### EXERCISE DATA
★ ★ ★ ★ ★
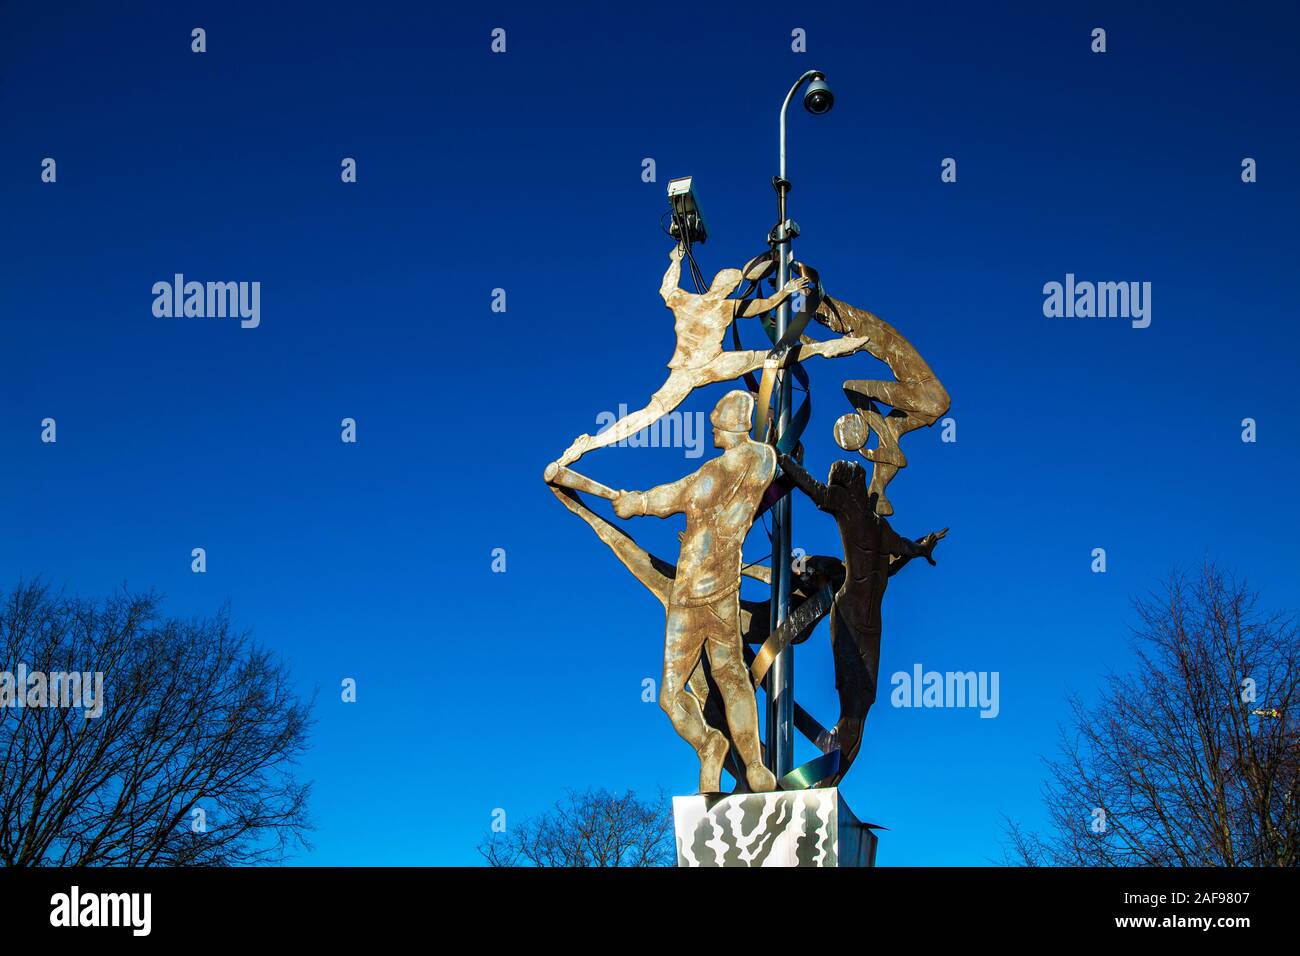 Tissage 'Identités' sculpture par l'artiste Peter Dunn dans les champs des tisserands, des figures humaines tenant une caméra de surveillance, East London, UK Banque D'Images
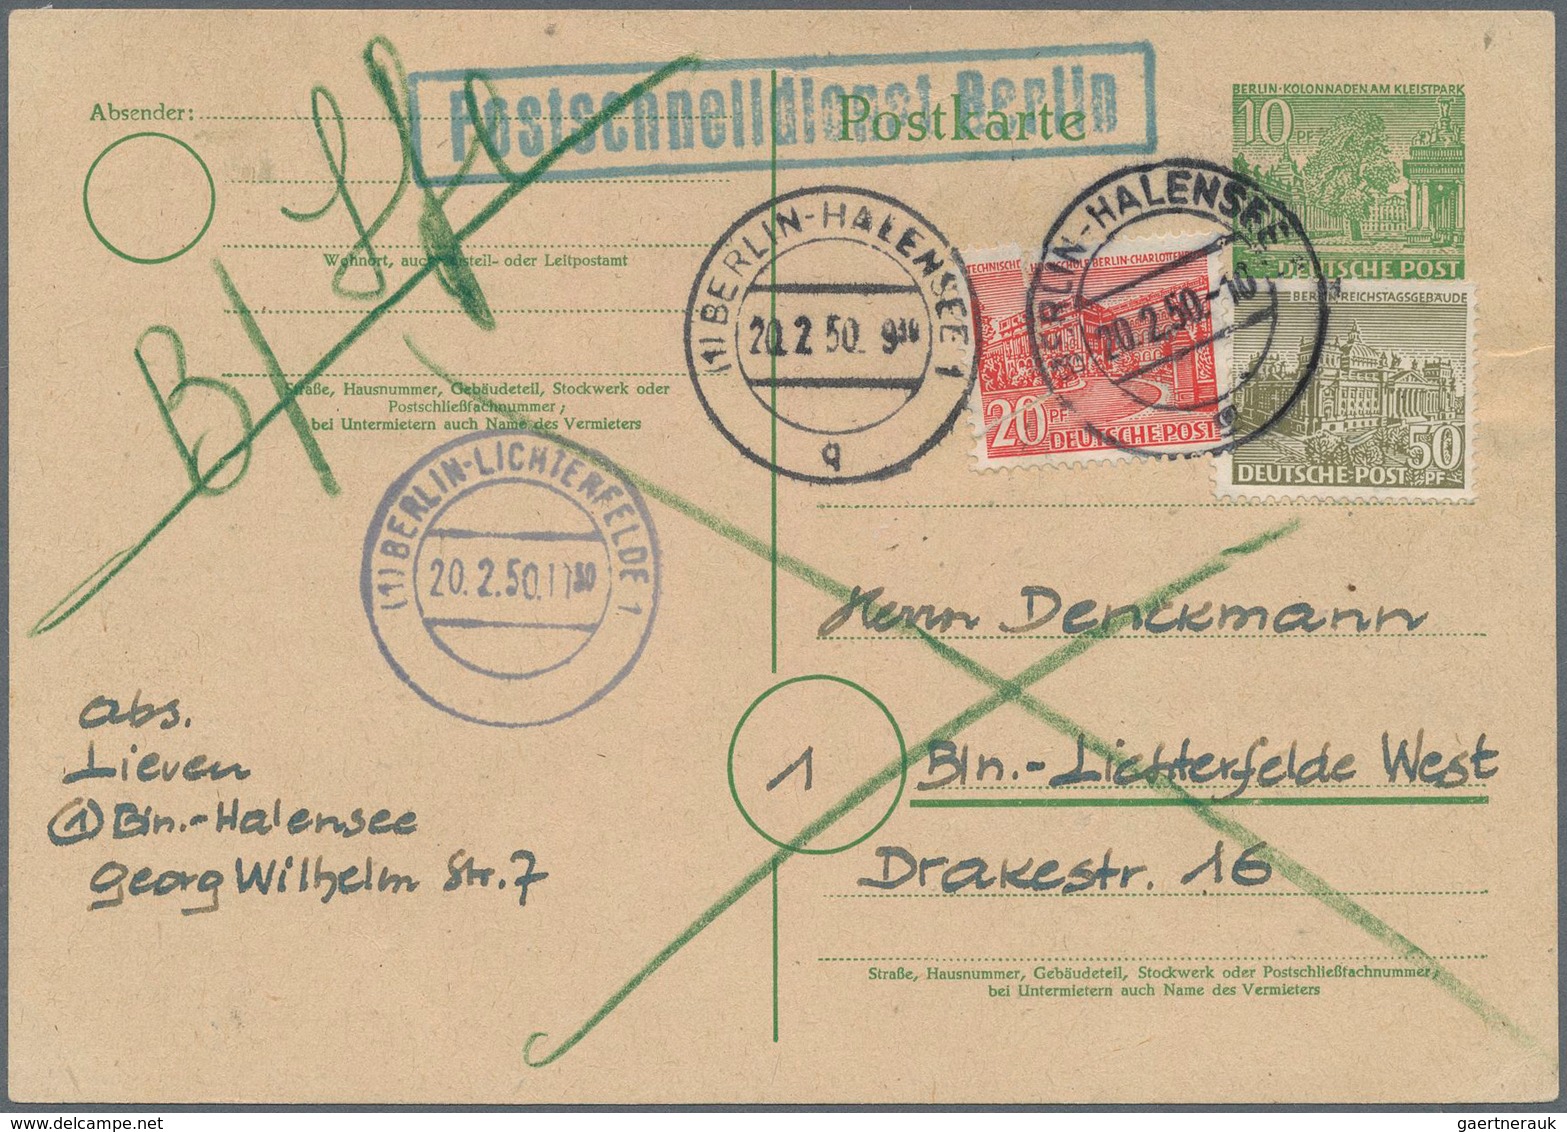 Berlin - Postschnelldienst: 10 Pf. Bauten GA-Karte Mit Zusatzfrankatur 20 U. 50 Pf. Bauten Als Posts - Covers & Documents
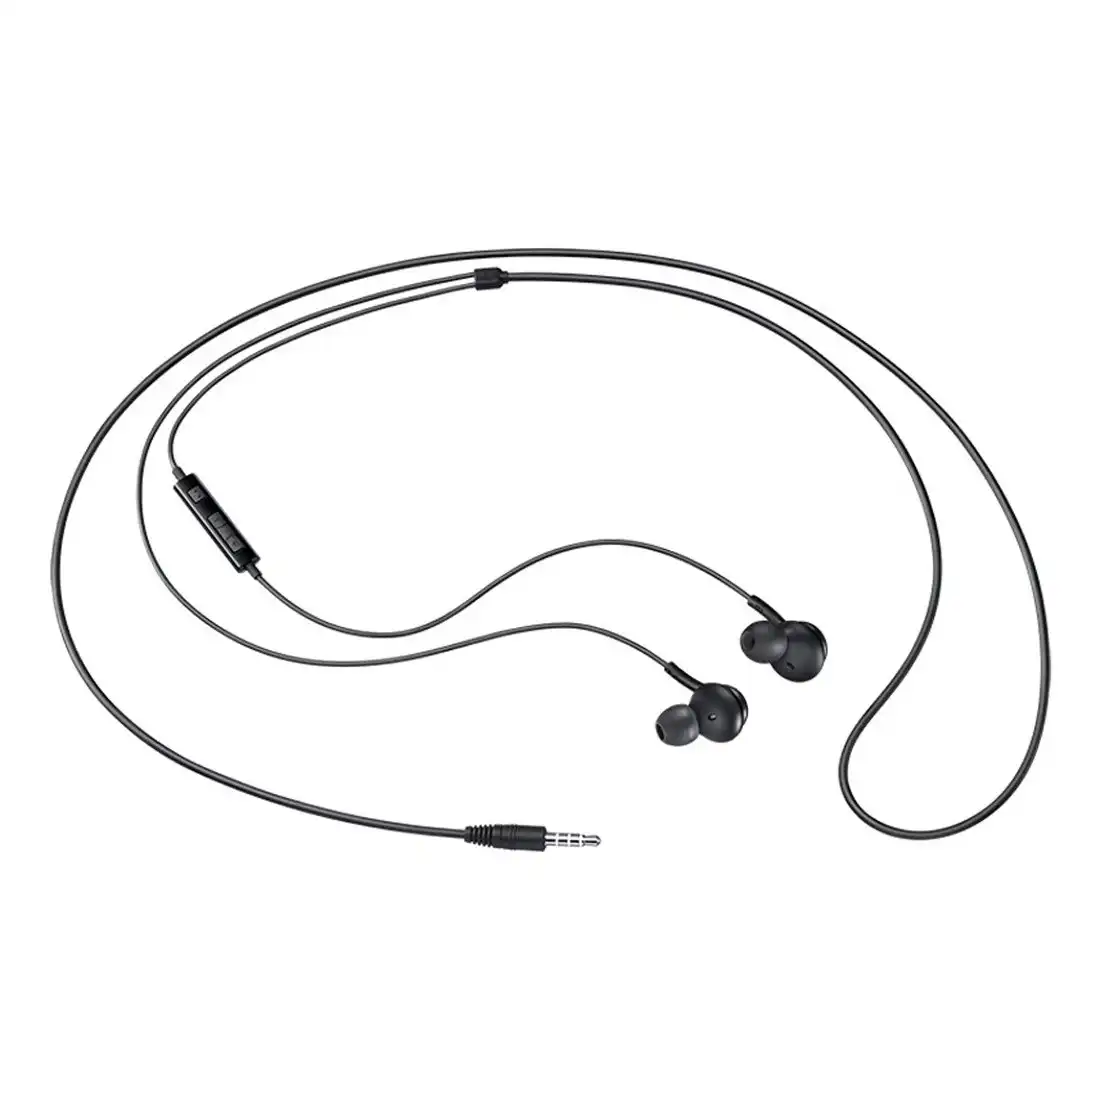 Samsung In-Ear Wired Earphones 3.5mm EO-IA500BBEGWW - Black
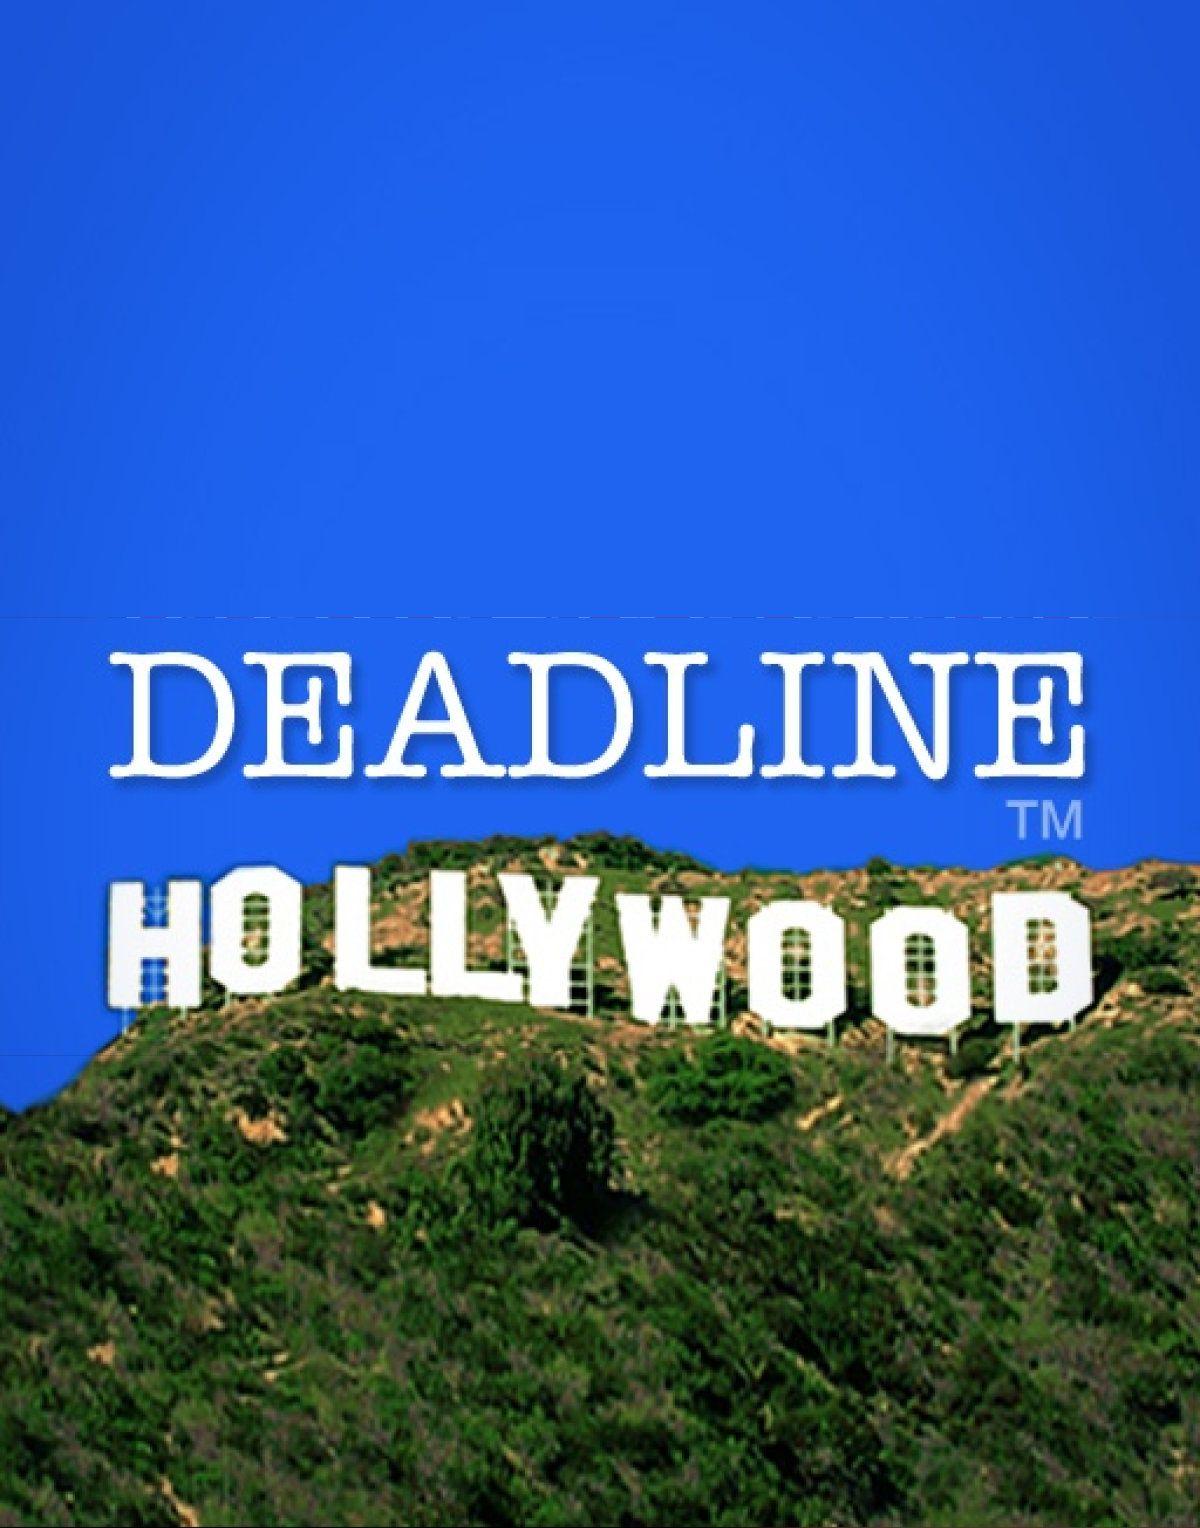 Deadline.com Logo - Deadline Hollywood - Cathy Byrd
★ ★ ★ ★ ★
### YOUR ASSIGNMENT
Apart from the images, print all the material above exactly as given.

### OUTPUT BELOW
 Tissage 'Identités' sculpture par l'artiste Peter Dunn dans les champs des tisserands, des figures humaines tenant une caméra de surveillance, East London, UK Banque D'Images
 Berlin - Postschnelldienst: 10 Pf. Bauten GA-Karte Mit Zusatzfrankatur 20 U. 50 Pf. Bauten Als Posts - Covers & Documents
 Samsung In-Ear Wired Earphones 3.5mm EO-IA500BBEGWW - Black
 Deadline.com Logo - Deadline Hollywood - Cathy Byrd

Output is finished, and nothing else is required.